In rats fed triethylene glycol pathological changes were essentially absent. In the rats fed triethylene glycol and in the untreated controls there were no stones or tumors in the urinary tracts. Liver, lung, heart, spleen, pancreas, stomach, small intestine, colon, adrenal, testis, prostate, seminal vesicles, bone, bone marrow, voluntary muscle, lymph node and thyroid showed either no changes attributable to triethylene glycol, or else changes so slight or infrequent that they were of questionable significance.
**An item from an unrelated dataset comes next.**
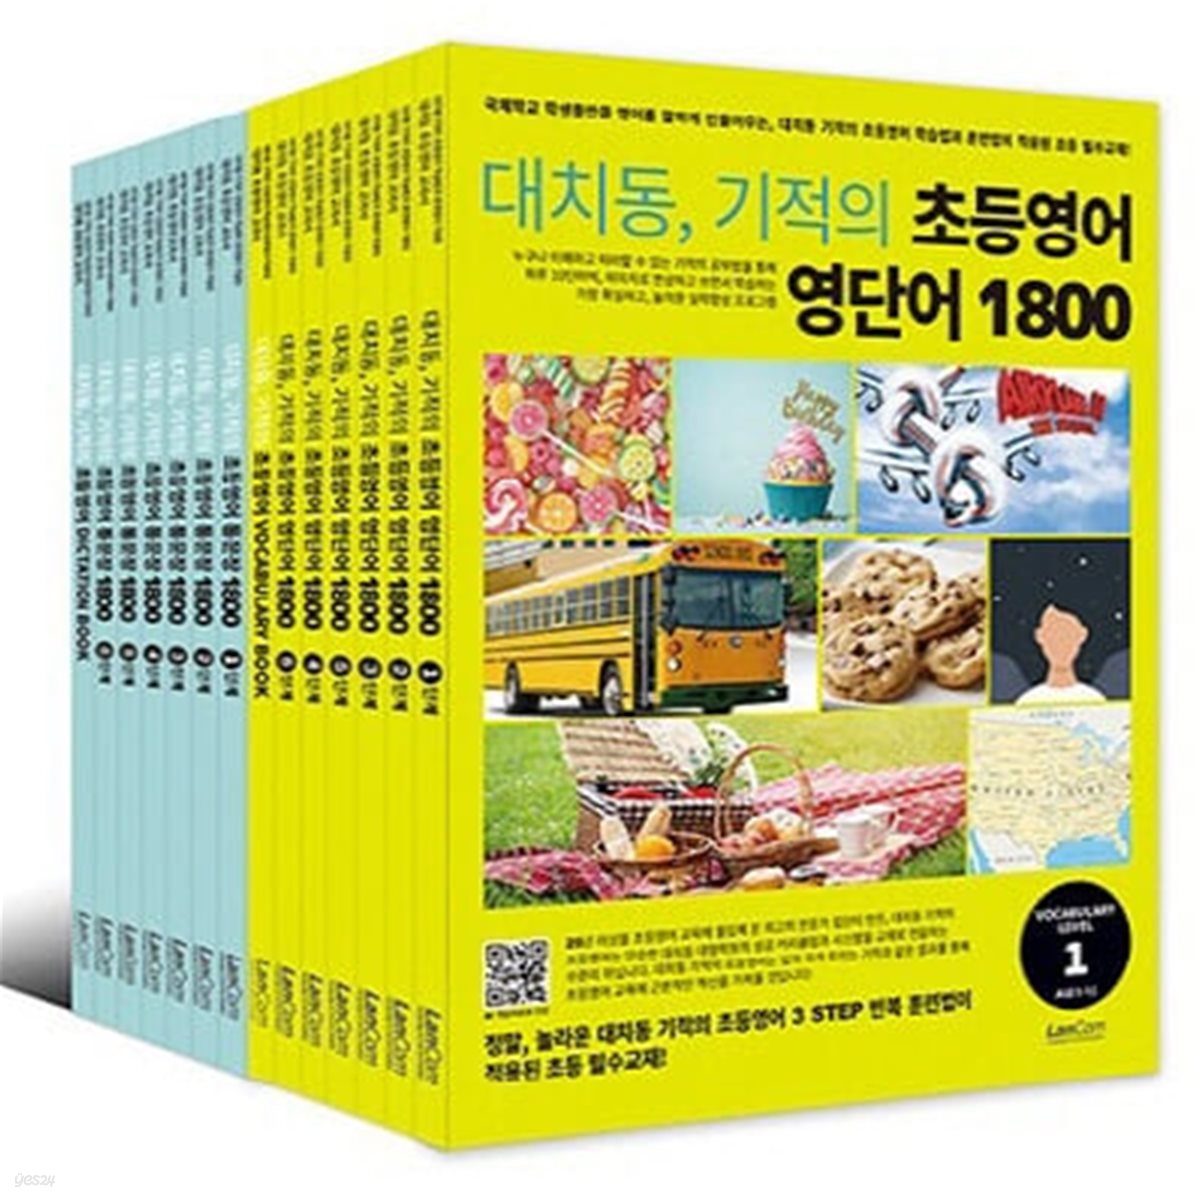 대치동 기적의 초등영어 영단어+통문장 1800 시리즈 세트 (전12권+부록)

Relevance of carcinogenic effects / potential:

Triethylene glycol produced no toxic effect, including cancer, at doses as high as 4% in the diet.

Effect levels

Any other information on results incl. tables

No additional information available.

Applicant's summary and conclusion

Conclusions:

Triethylene glycol produced no toxic effect at doses as high as 4% in the diet.

Executive summary:

In a 1946 era study, groups of 12 male rats were fed 0, 1, 2 or 4 percent triethylene glycol in the diet for 2 years. In this study, triethylene glycol produced no toxic effect at doses as high as 4% in the diet.